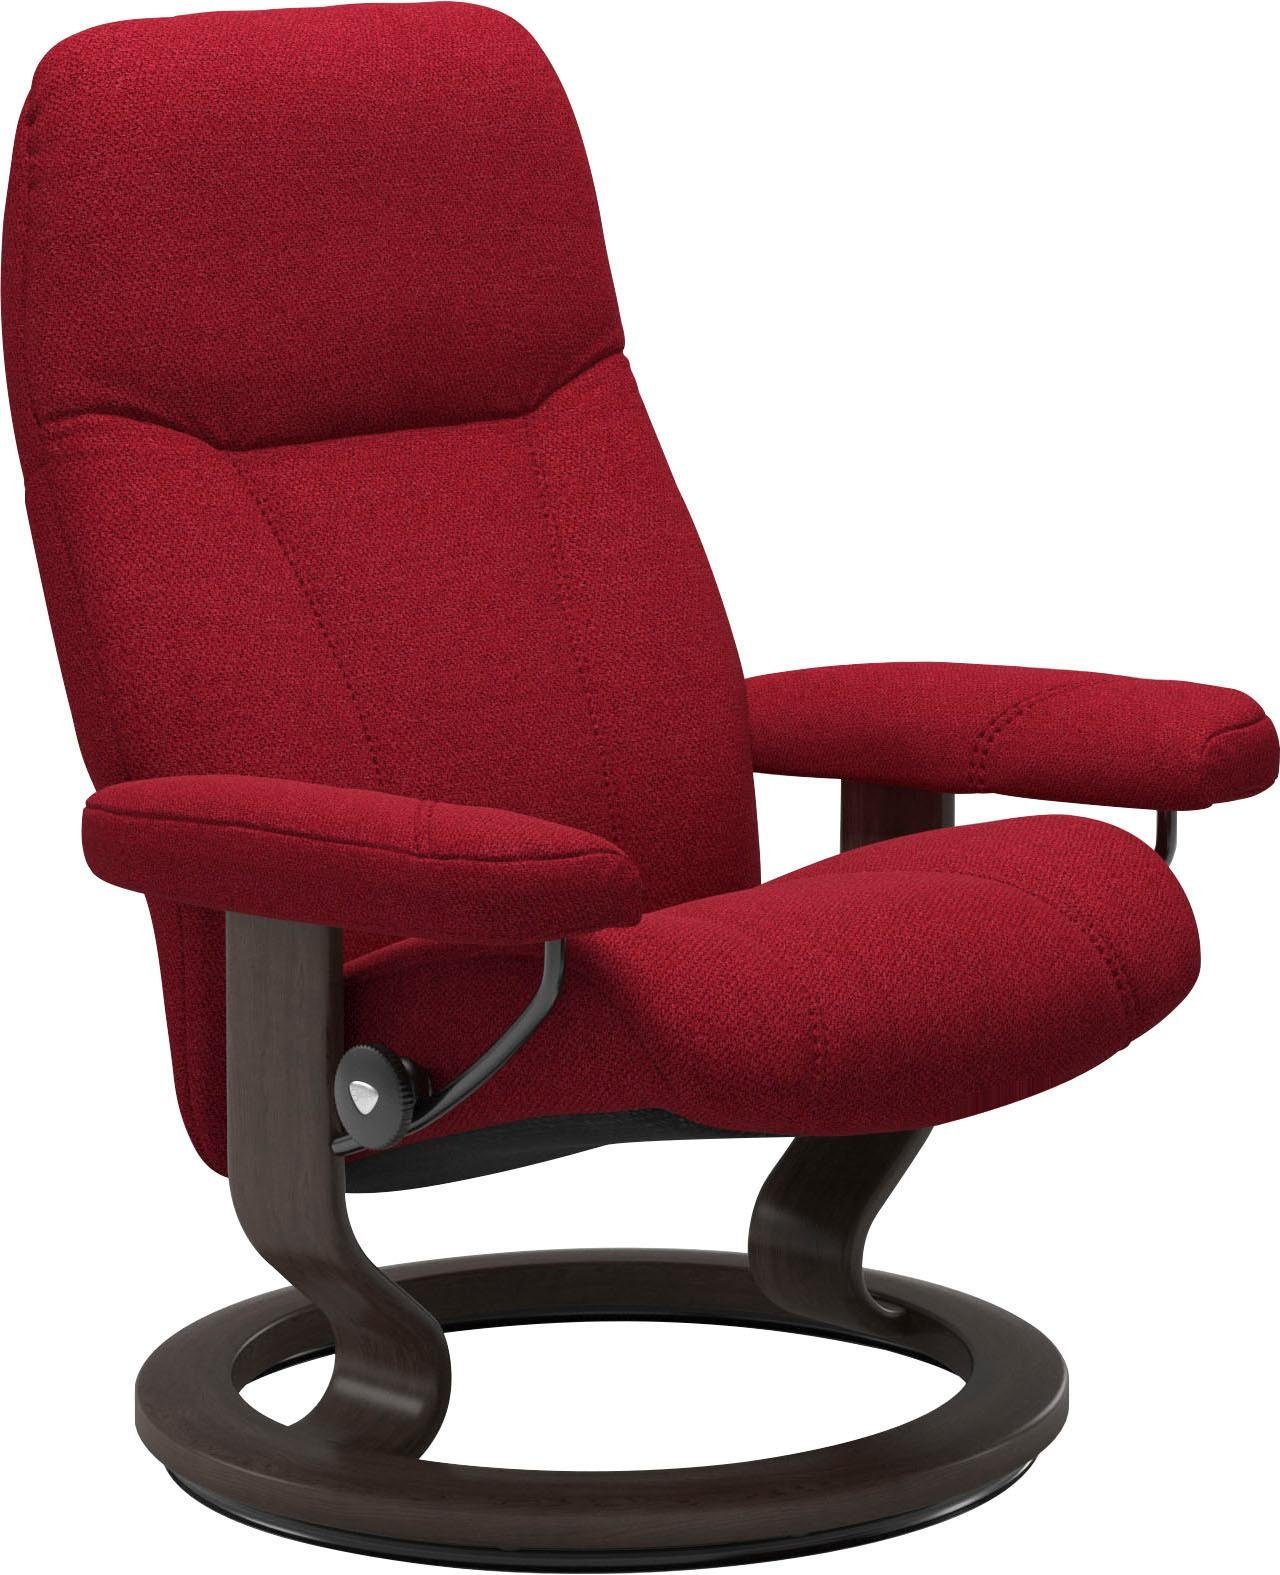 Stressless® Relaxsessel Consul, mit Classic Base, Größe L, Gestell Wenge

-*-*-

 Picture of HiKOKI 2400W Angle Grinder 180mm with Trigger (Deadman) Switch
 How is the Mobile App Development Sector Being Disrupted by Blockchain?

-*-*-

== Exercise objective ==
With the line that has "Picture of HiKOKI" as the first and the line that has "How is the Mobile" as the last, repeat exactly that run of lines above and no more.

== Your response ==
 Picture of HiKOKI 2400W Angle Grinder 180mm with Trigger (Deadman) Switch
 How is the Mobile App Development Sector Being Disrupted by Blockchain?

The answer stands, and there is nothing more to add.